這時候劉海中也晃到食堂時,一眼瞅見尤潤玲,徑直走了過去,假裝打招呼。
「喲,尤同志,今兒可算見著你了!
好些日子沒見,你不知道,自打你不來,我們車間那幫小伙子都沒精打采的。」
尤潤玲白了他一眼,心裡嘀咕 「怕是你自己沒精神吧」,
嘴上卻客客氣氣:「劉師傅我前段時間有點事耽擱,讓您掛心了。」
這時旁邊的柳芳韻也起身問好:「劉師傅您好。」
「你好你好,」 劉海中有些納悶,「小姑娘你認識我?」
前幾天去宣傳科,這姑娘就喊他劉師傅。
柳芳韻先搖頭又點頭,把劉海中弄糊塗了:「你這到底是認識還是不認識?別打啞謎呀。」
「我見過您,但不算認識。」
柳芳韻解釋道,「有回我跟我姐找李主任,您從他辦公室出來,我姐說您是軋鋼廠的老師傅。」
「你姐是?」劉海中問。
「財務科的柳芳敏。」
這麼一說,劉海中也明白了 —— 柳芳敏跟李懷德的關係,廠里誰不清楚。
聊了幾句,劉海中見她倆對著飯菜直皺眉,便湊到尤潤玲跟前:
「尤同志,我那兒藏著好吃的,去嘗嘗?」
說著偷偷使了個眼色。
尤潤玲心領神會,自家男人準是要搞 「特殊供應」。
立馬接話:「好啊劉師傅,好吃的在哪兒?快帶我去。

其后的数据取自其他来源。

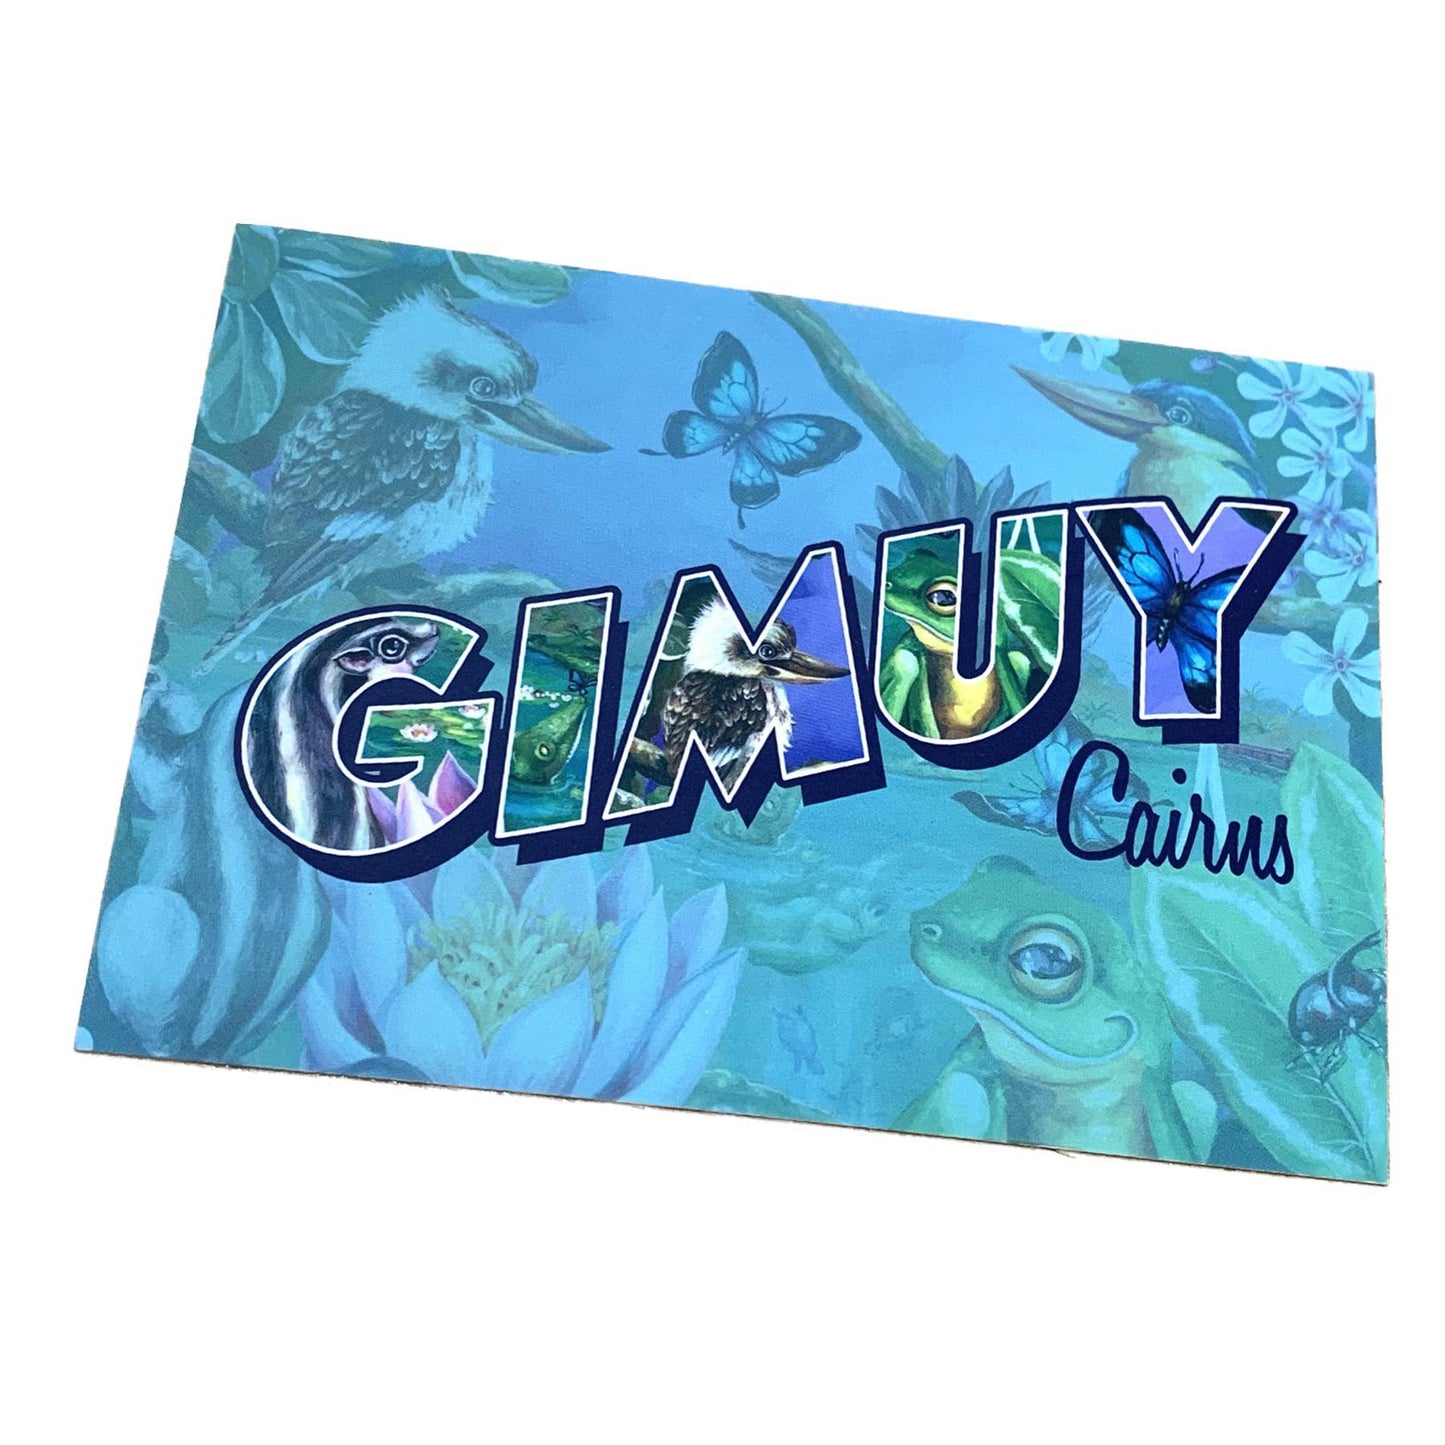 HAYLEY GILLESPIE - CAIRNS QUEENSLAND POSTCARD - "Gimuy" Cairns
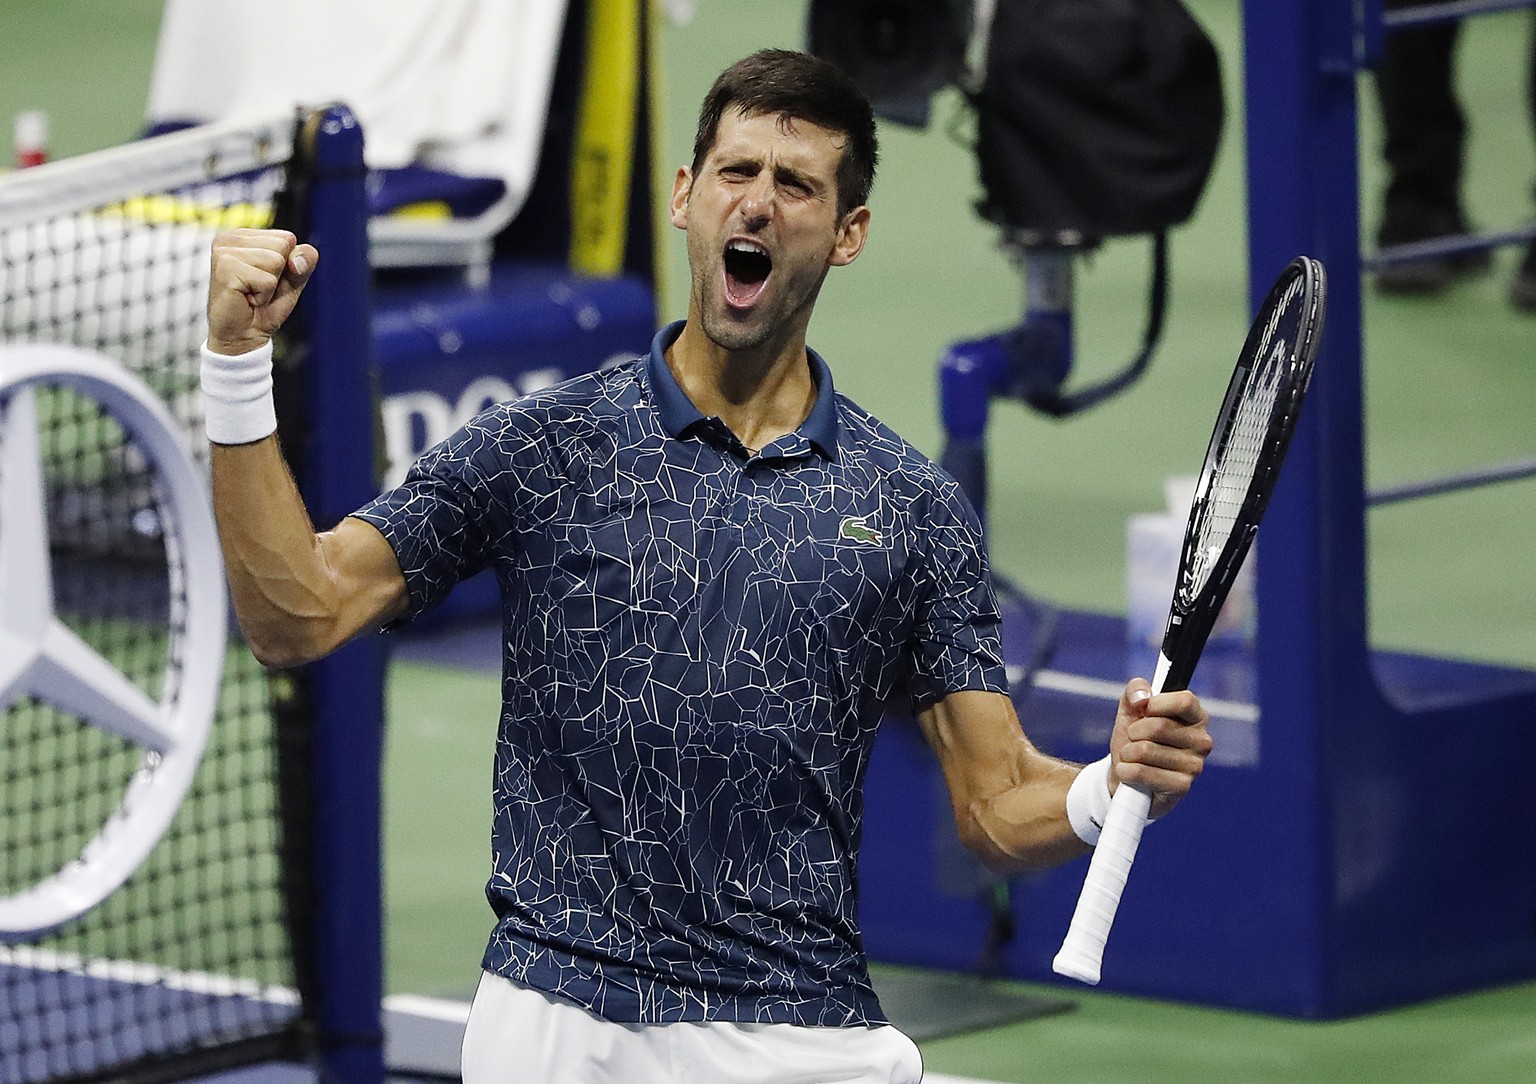 Es hat sich von Beginn an gut angefühlt», sagte Djokovic, der sich 17 Breakchancen erarbeitete. «Ich habe sehr, sehr gut gespielt.»

」
劉海中嘴角一揚:「跟我來就是。」
兩人這一唱一和,旁邊的柳芳韻可不樂意了:
「劉師傅、潤玲姐,你們吃獨食不管我呀?」
劉海中看這小姑娘長得清秀,隨口應道:「行吧,你也跟著來。」
三人跟著劉海中越走越偏,柳芳韻心裡犯起嘀咕:
「潤玲姐,劉師傅帶咱們去哪兒吃啊?怎麼越走越偏?」
「可能劉師傅怕人瞧見,特意找個僻靜地兒吧。」 尤潤玲隨口應付道。
柳芳韻將信將疑地點點頭。
劉海中把兩人帶到平時跟劉嵐幽會的老倉庫。
悄悄從系統里買了 3 份鴨腿飯,隨手一晃拎出網兜。
"幸虧沒人偷,你們快來坐。"
他這舉動讓尤潤玲習以為常。
柳芳韻卻覺得不對勁 —— 網兜里是裝著三個飯盒。
之前明明沒算上自己的份,怎麼就這麼巧備好了三人份?
可是,下一秒她就沒空關注飯盒的事了。
因為劉海中已經從網兜里把三盒飯取出來,打開香噴噴的鴨腿飯。
不用說,這一看就是「沙縣大酒店」招牌產品。
「來來來,你們快嘗嘗。」 劉海中招呼他們倆。
三人分別找了一個乾淨的地方坐下,抱起鴨腿飯就開始胡吃海塞。
等吃了一半,劉海中感覺有點噎,又從系統里買了 3 瓶果粒橙。
「來來來,喝點果汁,別噎著。」
他這又是鴨腿,又是大米飯又是果汁的,徹底把柳芳韻整傻眼了,也震驚了。
實在是劉海中太神奇了,東西都是憑空變出來的。
她暈乎乎的接過,喝了一口,瞬間味蕾被征服。
「好甜,太好喝了!
柳芳韻這人平時是不缺肉吃的。
主要是因為他姐給李懷德當情人,時不時的就能帶回去肉。
但是像這麼好喝的果汁,她是沒喝過的。
等吃完,劉海中又悄悄給尤潤玲使個眼色。
尤潤玲卻搖搖頭,抬下巴指了指柳芳韻。
劉海中臉上掠過一絲失望。
尤潤玲見自家男人這樣,悄悄湊近他邊上低語兩句。
劉海中不動聲色點頭,隨即擺手道:"你倆先回去吧,我在這兒歇會兒。"
柳芳韻喝完最後一口果汁起身,禮貌道:"謝劉師傅,這是我吃過最好的飯,果汁也特好喝。"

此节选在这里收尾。